We can now create a rankings table and use the VLOOKUP function to return the names and scores in order by looking up their rank.

In Figure 8-26, rankings have been typed in column F and then VLOOKUP functions written into columns G and H to return the required information.

The following VLOOKUP function was used in cell G3:
=VLOOKUP(F3,$B$3:$D$8,2,0)
Figure 8-26

VLOOKUP function to return the scores in the order by rank

Note

In later chapters, we will see functions such as INDEX-MATCH and XLOOKUP. These functions can perform the lookup without the need to have moved the column first. Until now, we have only covered VLOOKUP, so therefore took that approach.

It should also be noted that in Chapter 7, we did see a formula that used VLOOKUP with CHOOSE to overcome the built-in limitation of VLOOKUP only looking down the first column of its table array. That technique could have been applied instead of moving the column.

Creating Conditional Rankings

Let’s take the rankings example a step further, and instead of using the RANK.EQ function , we can do it all with COUNTIFS. Not only that, but let’s add another condition.

In Figure 8-27, we have a table named [tblRegionalScores] with names and scores that are divided into three different regions.

We want to rank the score values again in a largest first manner, but this time we need three groups of rankings. We want to rank the scores in each region separately.
Figure 8-27

Table with scores from different regions

In Figure 8-28, the following formula creates separate rankings for each region:
=COUNTIFS([Region],[@Region],
   [Score],">"&[@Score])+1

The COUNTIFS function tests the region and then returns how many scores are larger than the score in that row. 1 is then added to this result.

The 1 is added because if there are 0 scores larger than the current one, then that score is rank 1. If there is 1 score larger than the current one, then that score is rank 2, and so on.

So, the COUNTIFS function can create rankings on its own and can include any extra conditions that may be required.

However, we do have an issue with a duplicate rank again.
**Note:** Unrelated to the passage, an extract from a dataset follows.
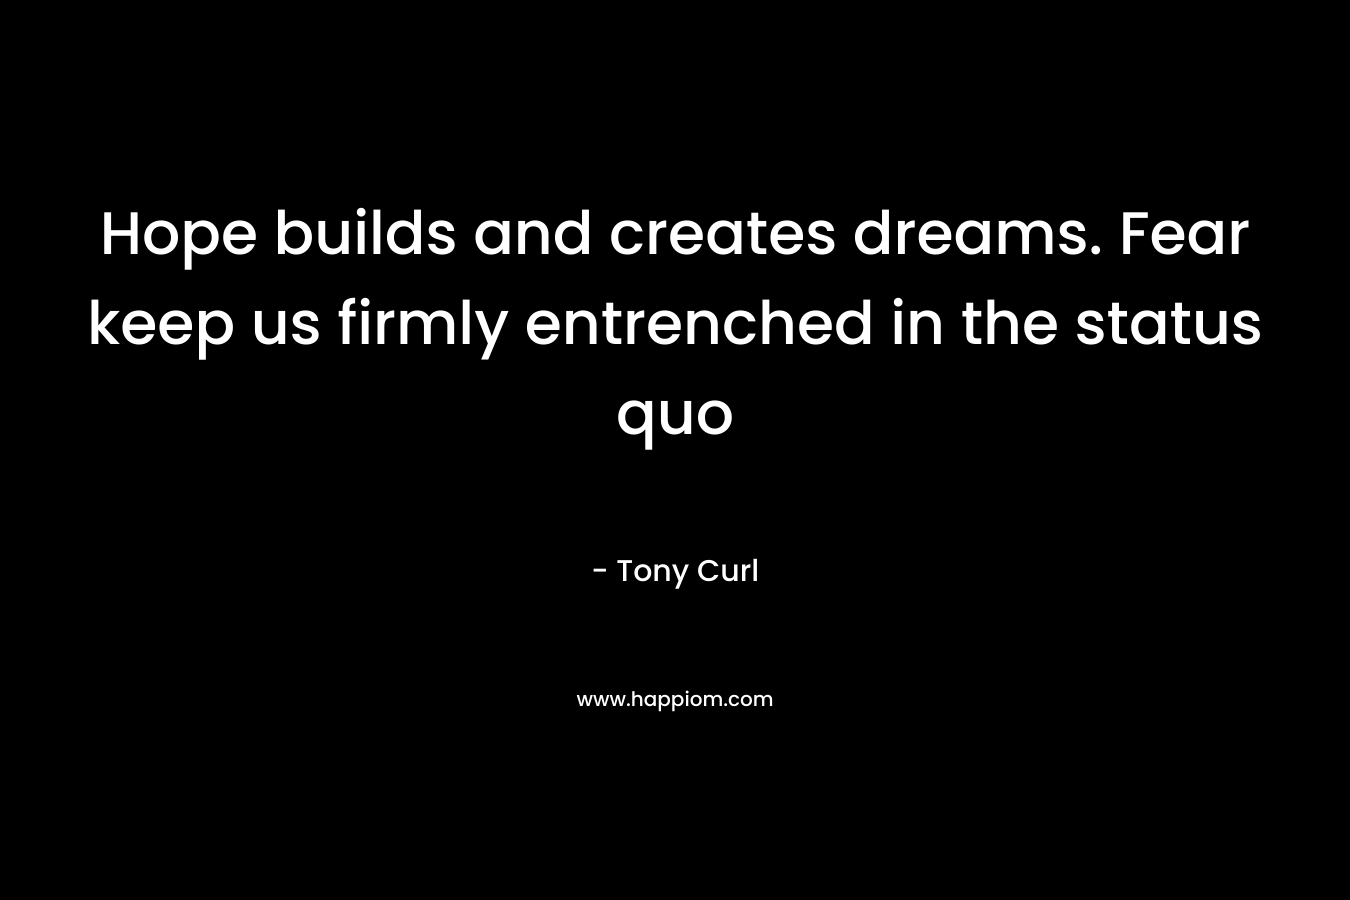 Hope builds and creates dreams. Fear keep us firmly entrenched in the status quo

In Figure 8-28, in the East, Michelle and Darryl both have a rank of 2.
Figure 8-28

Conditional ranking formula that creates rankings for each region

We can use the same technique as we did previously and add a COUNTIFS function to this result to generate a unique ranking.

In the following formula (Figure 8-29), the second COUNTIFS function is added to the first COUNTIFS instead of the 1:
=COUNTIFS([Region],[@Region],[Score],">"&[@Score])
   +COUNTIFS($C$2:$C2,[@Score])

This is similar to how we added COUNTIFS to the RANK.EQ function before. However, this time we do not need to subtract 1 like earlier, because we replaced the plus 1 from the first COUNTIFS.

You will also notice that a range has been used in the criteria range of the second COUNTIFS. This is to create that ever-expanding range. This is awkward to achieve using a table’s structured reference, so we referenced the grid instead.
Figure 8-29

Second COUNTIFS to make the ranking unique

From here, we could create separate ranking tables for each region or whatever our end goal may be.

But the focus of this chapter is COUNTIFS, so with this result, we will move on.

Creating a Frequency Distribution

For the final COUNTIFS example, let’s create a frequency distribution table. Excel has a function named FREQUENCY for this purpose, but it is limited when compared to COUNTIFS.

In Figure 8-30, there is a table of scores named [tblScores] and a frequency distribution range with bins defined. The bin ranges can be set up in different ways. In this spreadsheet, the bins are defined with the lowest value, a hyphen or dash, and then the upper bound value of that bin range.
Figure 8-30

Table of scores and a bin range

We want to return a count of the scores in each bin. To do this, we will include the LEFT and RIGHT functions that were covered in Chapter 5 to extract the lowest and highest values in each bin range for testing.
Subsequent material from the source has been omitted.